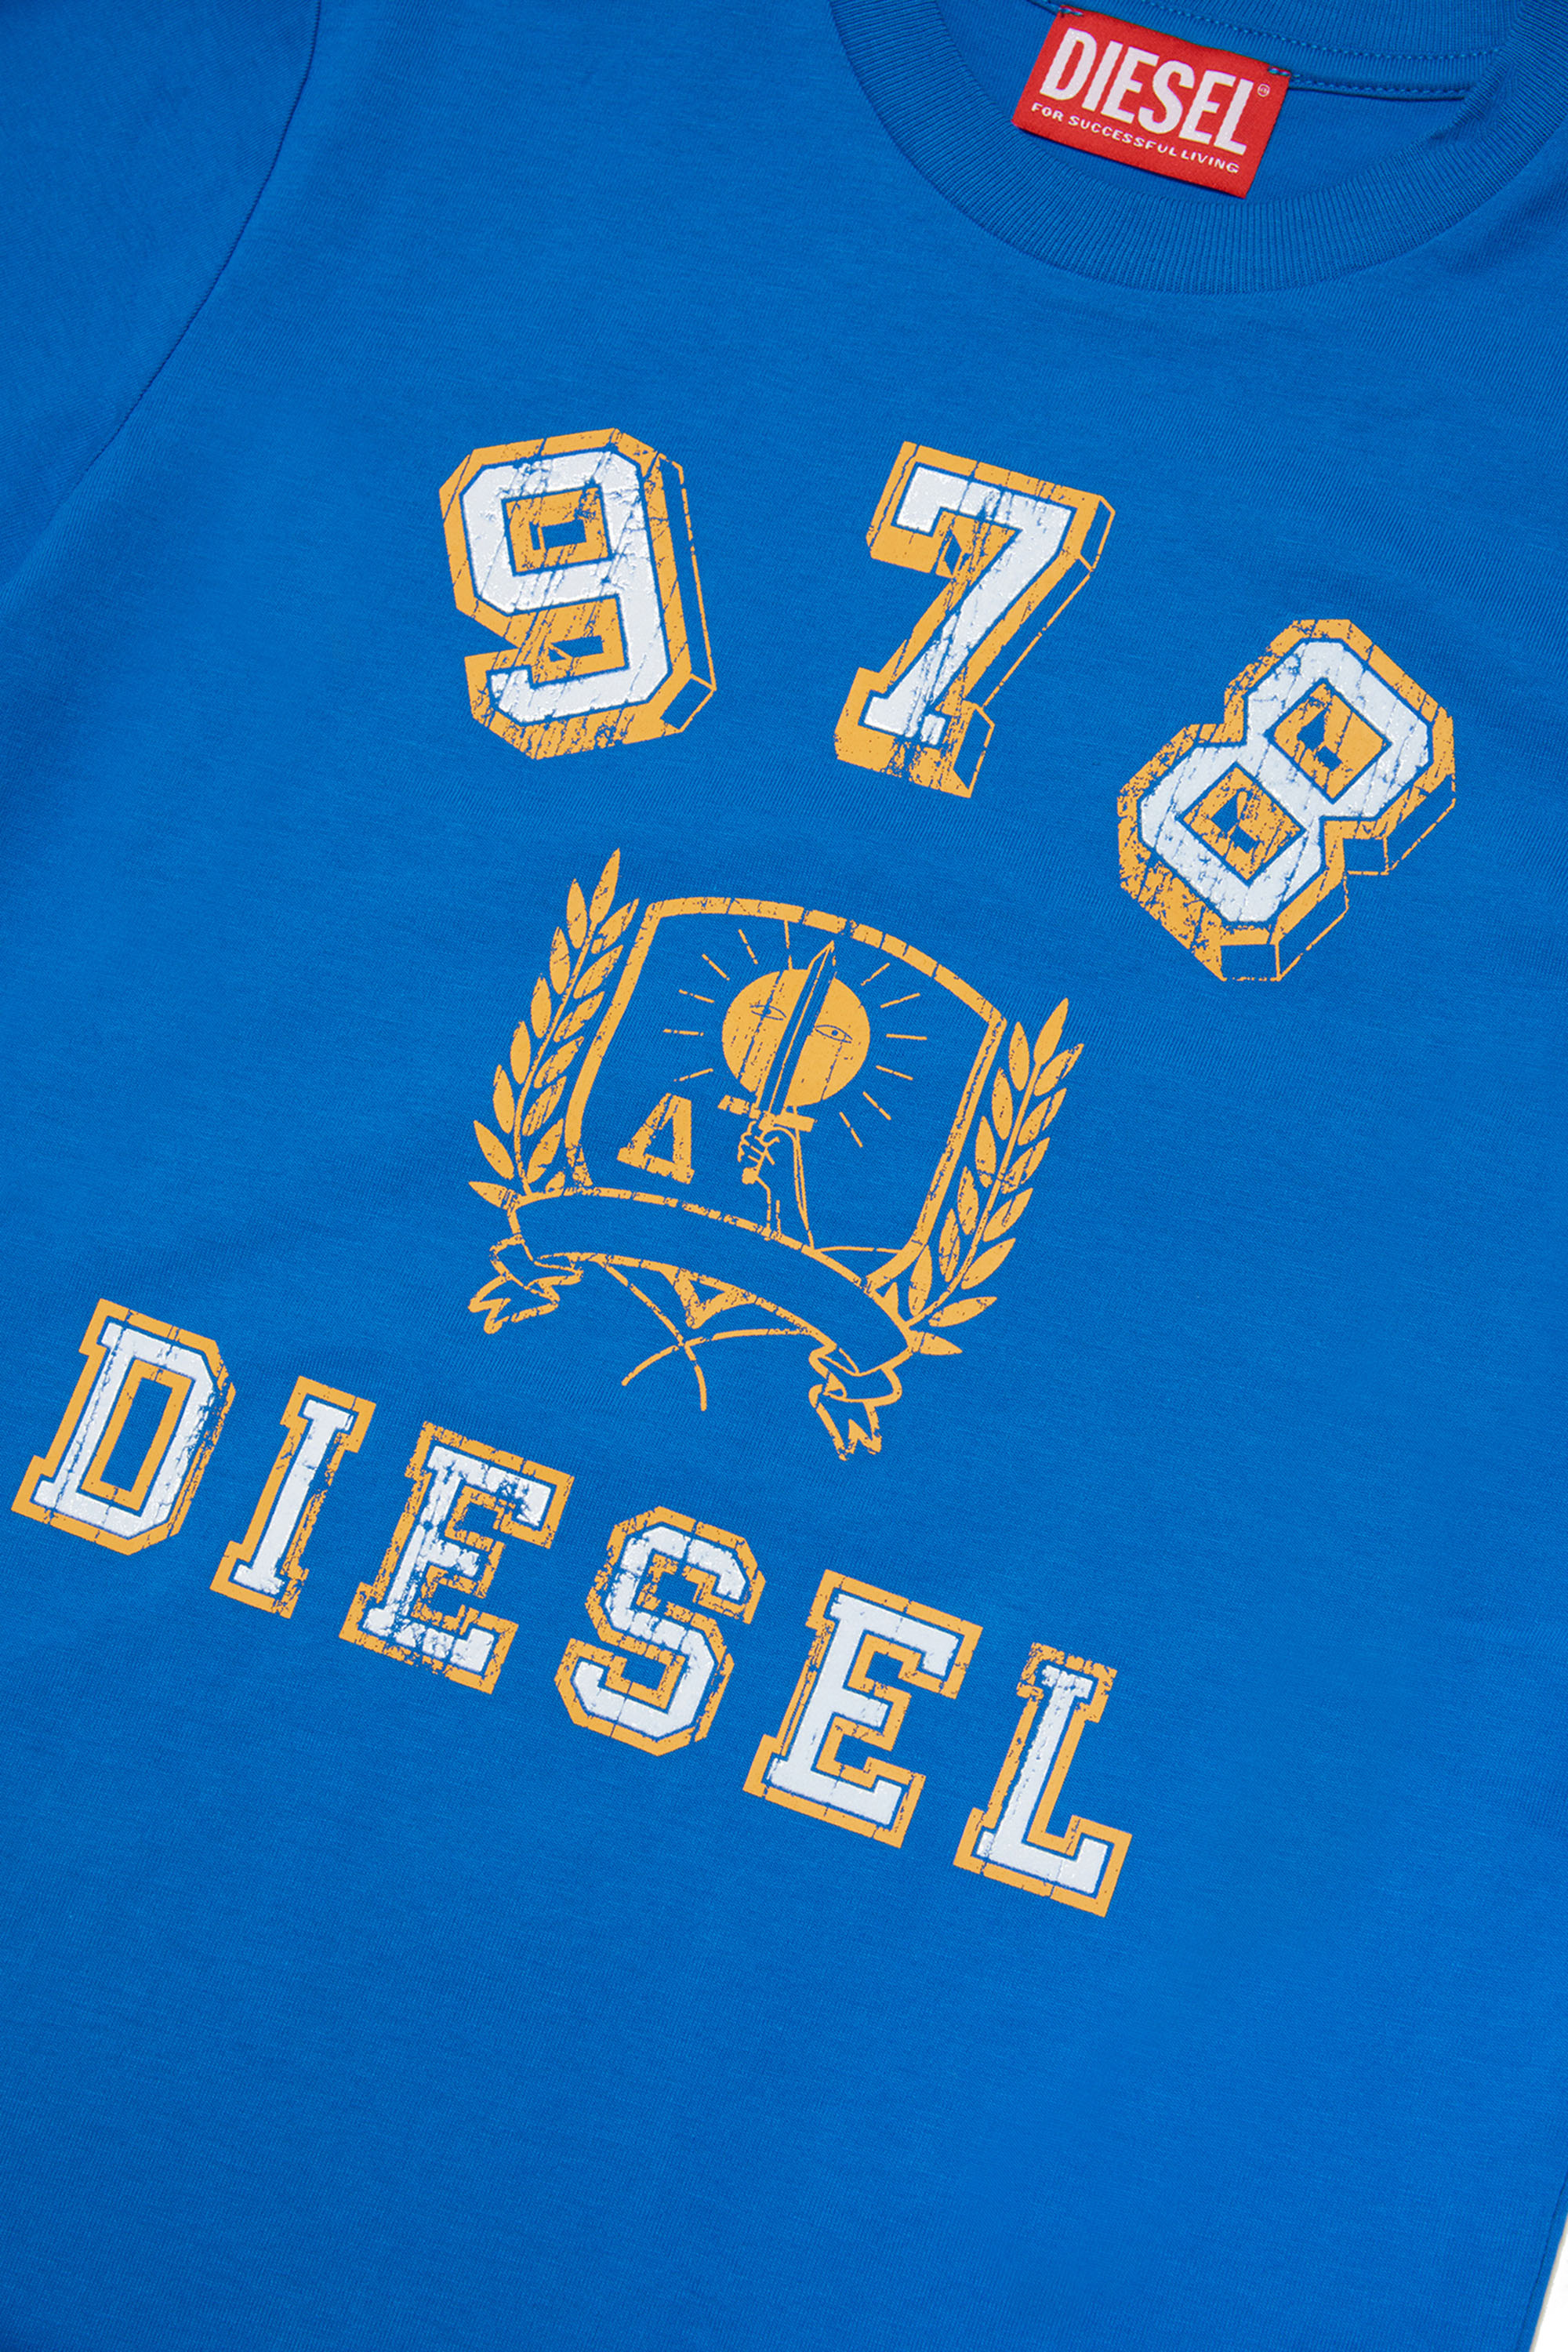 Diesel - TDIEGORE11, Blue - Image 3
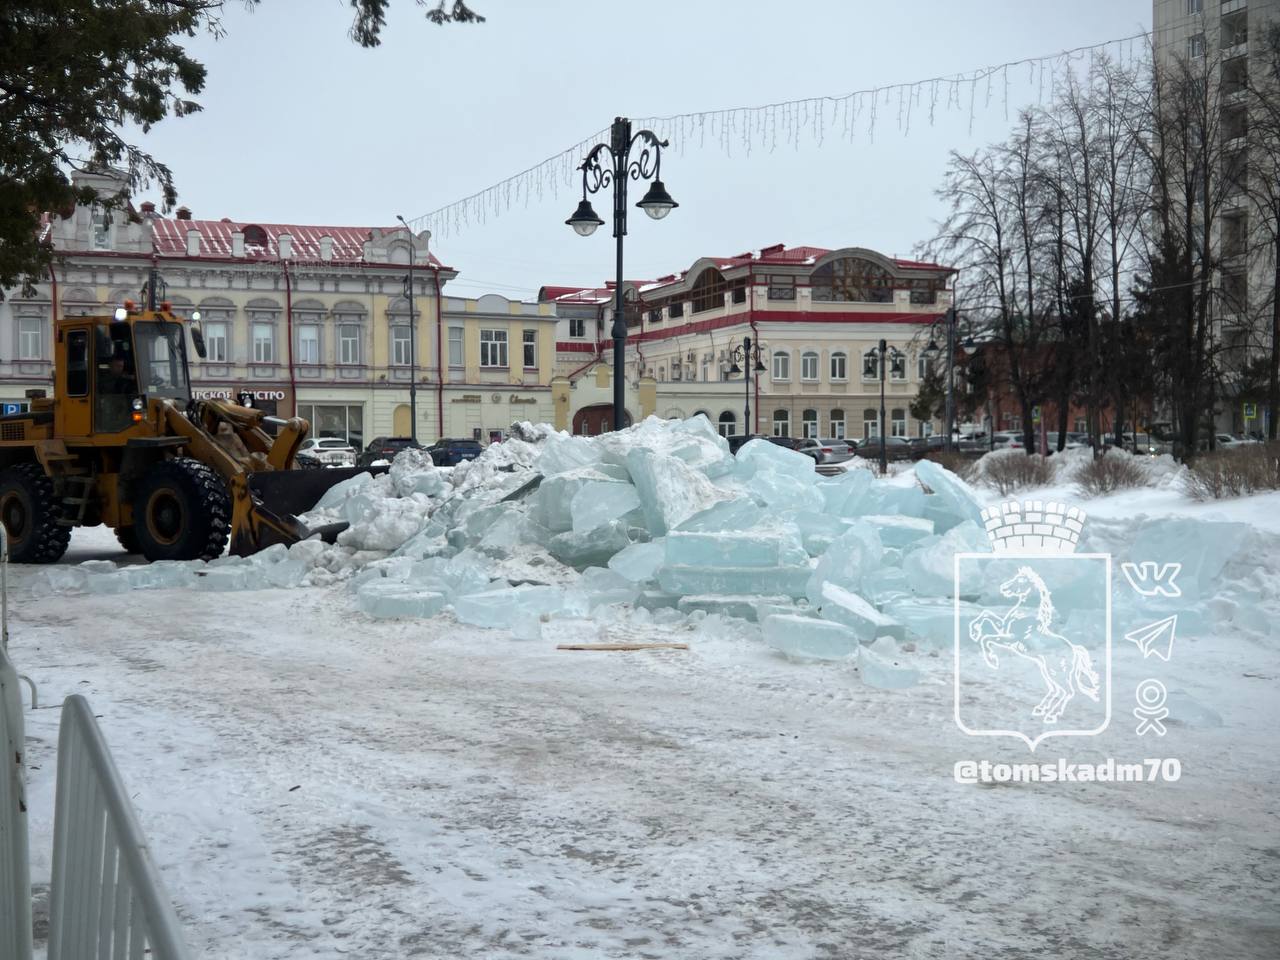 Новый год ❄, Томские новости, убирают лед демонтаж интересные новости Томска скульптуры В Томске убирают лед после демонтажа скульптур на Ново-Соборной
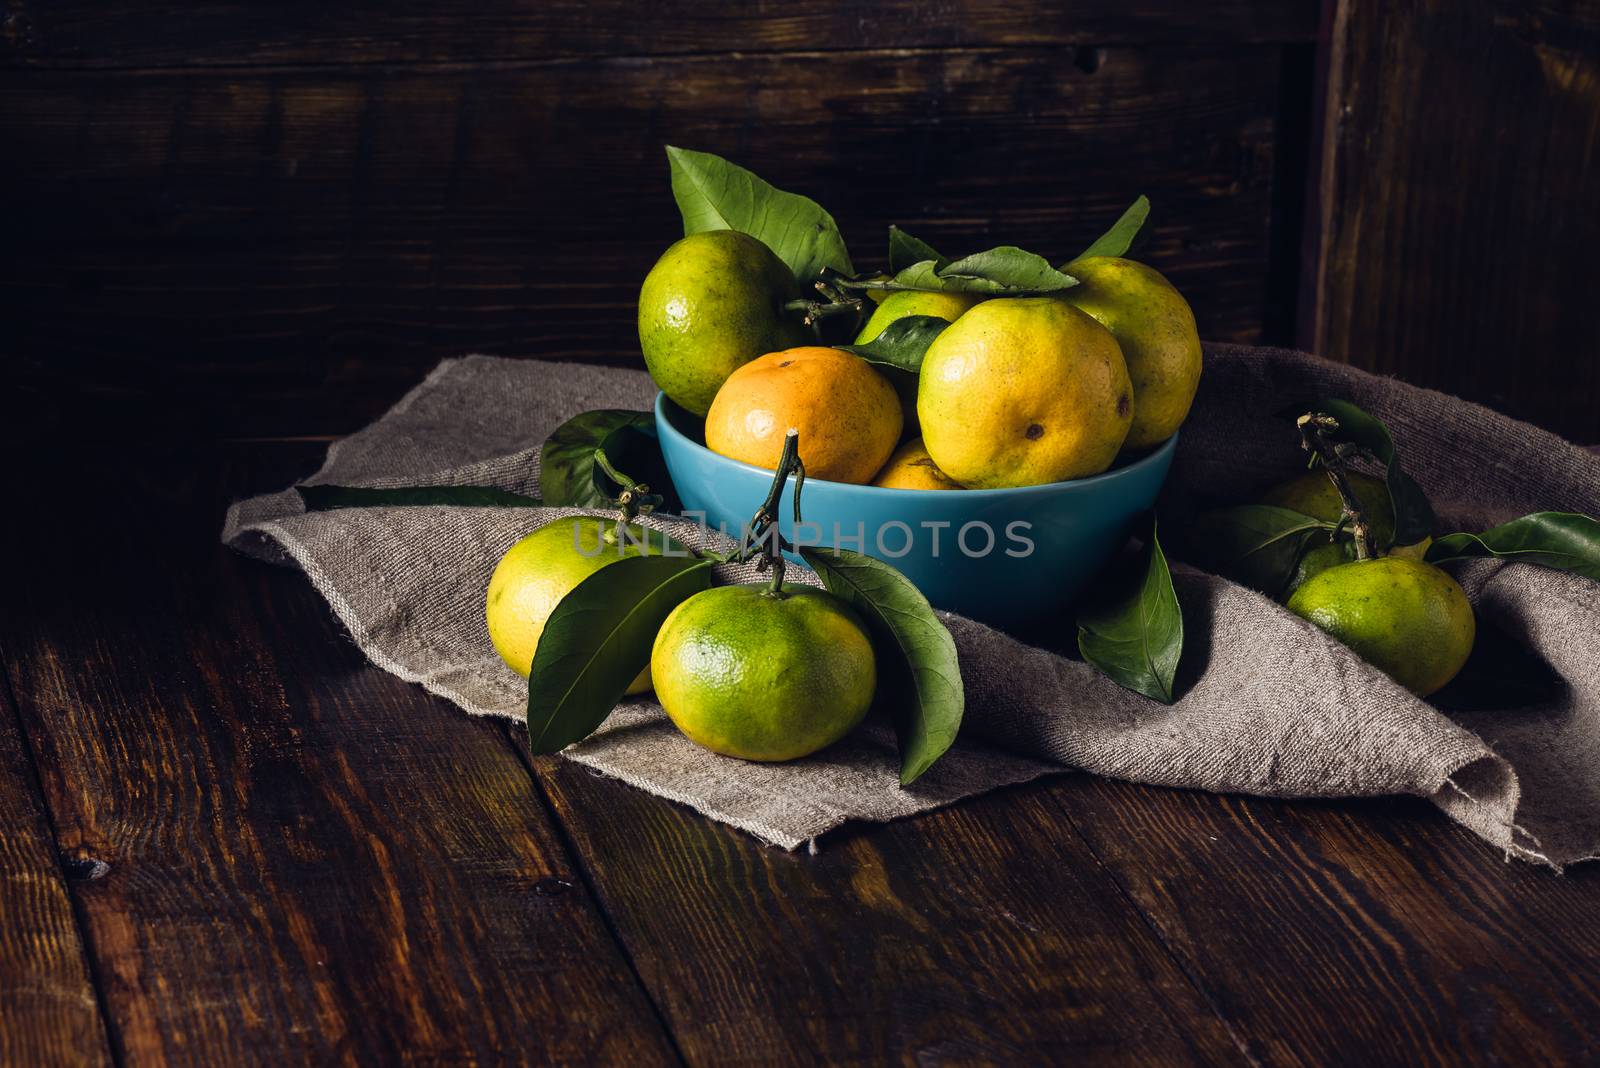 Yellow-green Tangerines Still Life by Seva_blsv

PROBLEM TO WORK ON: Would you please output the listing above exactly, leaving out the pictures?

EXERCISE SOLUTION:
 Diesel - TDIEGORE11, Blue - Image 3
 Новый год ❄, Томские новости, убирают лед демонтаж интересные новости Томска скульптуры В Томске убирают лед после демонтажа скульптур на Ново-Соборной
 Yellow-green Tangerines Still Life by Seva_blsv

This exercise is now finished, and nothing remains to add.